Through that, we’ve tried to determine what routes of travel he would have most likely taken, either going home or going to visit friends.

“We’ve covered every single one of those we can conceivably come up with. We’ve driven the roads. We’ve flown them. And we’ve not been able to find anything.”

Tarter’s cell phone apparently also cannot be tracked. The phone was not turned off until 1:37 p.m. on Jan. 31 but it cannot be tracked once it is off. Searchers also cannot find where he was when he sent his last text message.

No traces
Further hampering the search is the lack of financial activity — there have been no records of any money being withdrawn from Tarter’s bank account.

“There’s no bank activity. There’s no activity on the cell phone. Those are the kinds of things we think of with modern technology,” Ward said. “But when you don’t have that trail to follow, unfortunately, you’re looking for a needle in a haystack.”

The GBI is working with the AASU Police. Two GBI agents have been tasked to the case, and Ward has worked on it as well. He called it one of the most frustrating cases he’s ever worked.

“It’s extremely frustrating,” Ward said. “We keep asking each other, ‘is there something we’re missing? Is there something we haven’t seen?’ Most of us involved in this are parents ourselves. We have to look at ourselves in the mirror and say, ‘if it were my child, would be I happy with what we’ve done today?’”

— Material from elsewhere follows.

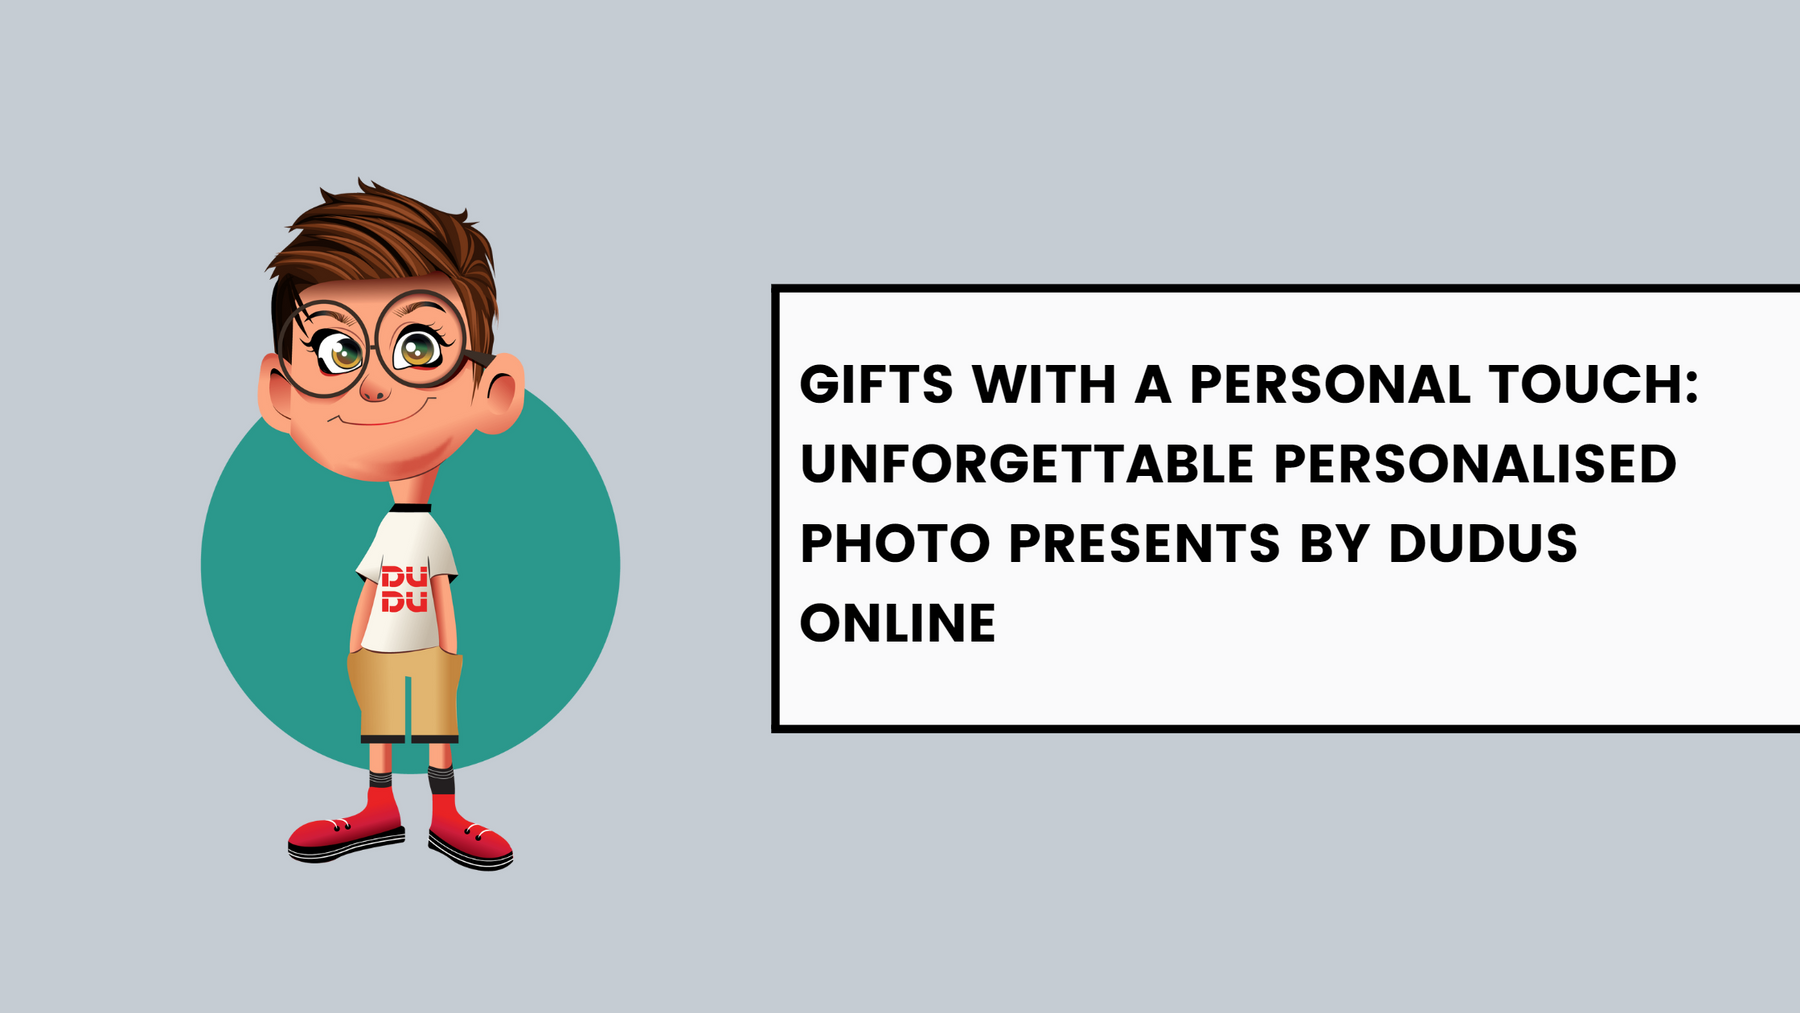 Gifts With A Personal Touch: Unforgettable Personalised Photo Presents By Dudus Online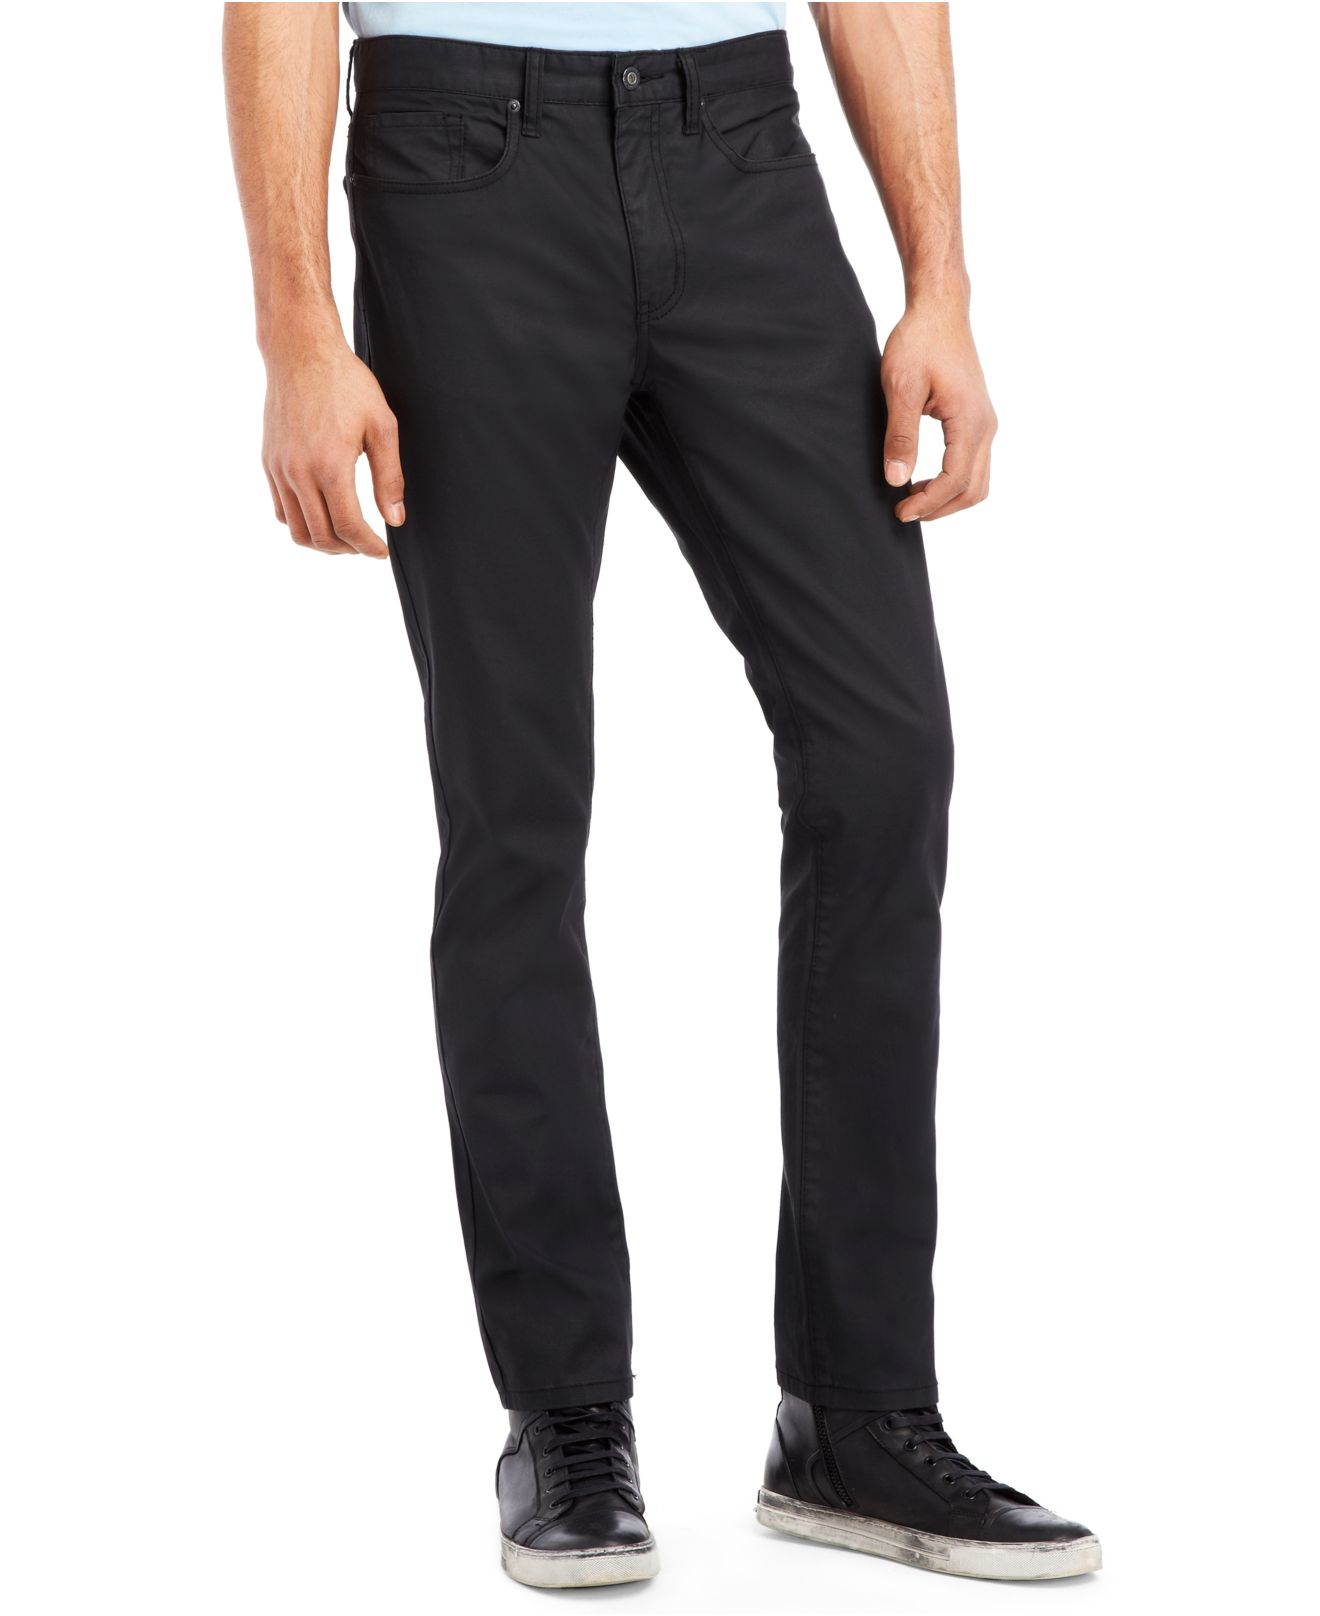 Lyst - Kenneth Cole Reaction Coated Twill Jeans in Black for Men

Nevertheless, the search goes on for Tarter as his family and friends anxiously await any word at all.

“I’m still holding out hope that we’ll turn up someone, somewhere, who will have a little bit of piece of information that they might not even think is important that will put us on the right track,” Ward said. “We’re looking for that piece of information that will be that piece of puzzle that puts it all together.”

Said Griffin: “He didn’t just drive off. He didn’t disappear, because he loved his family.”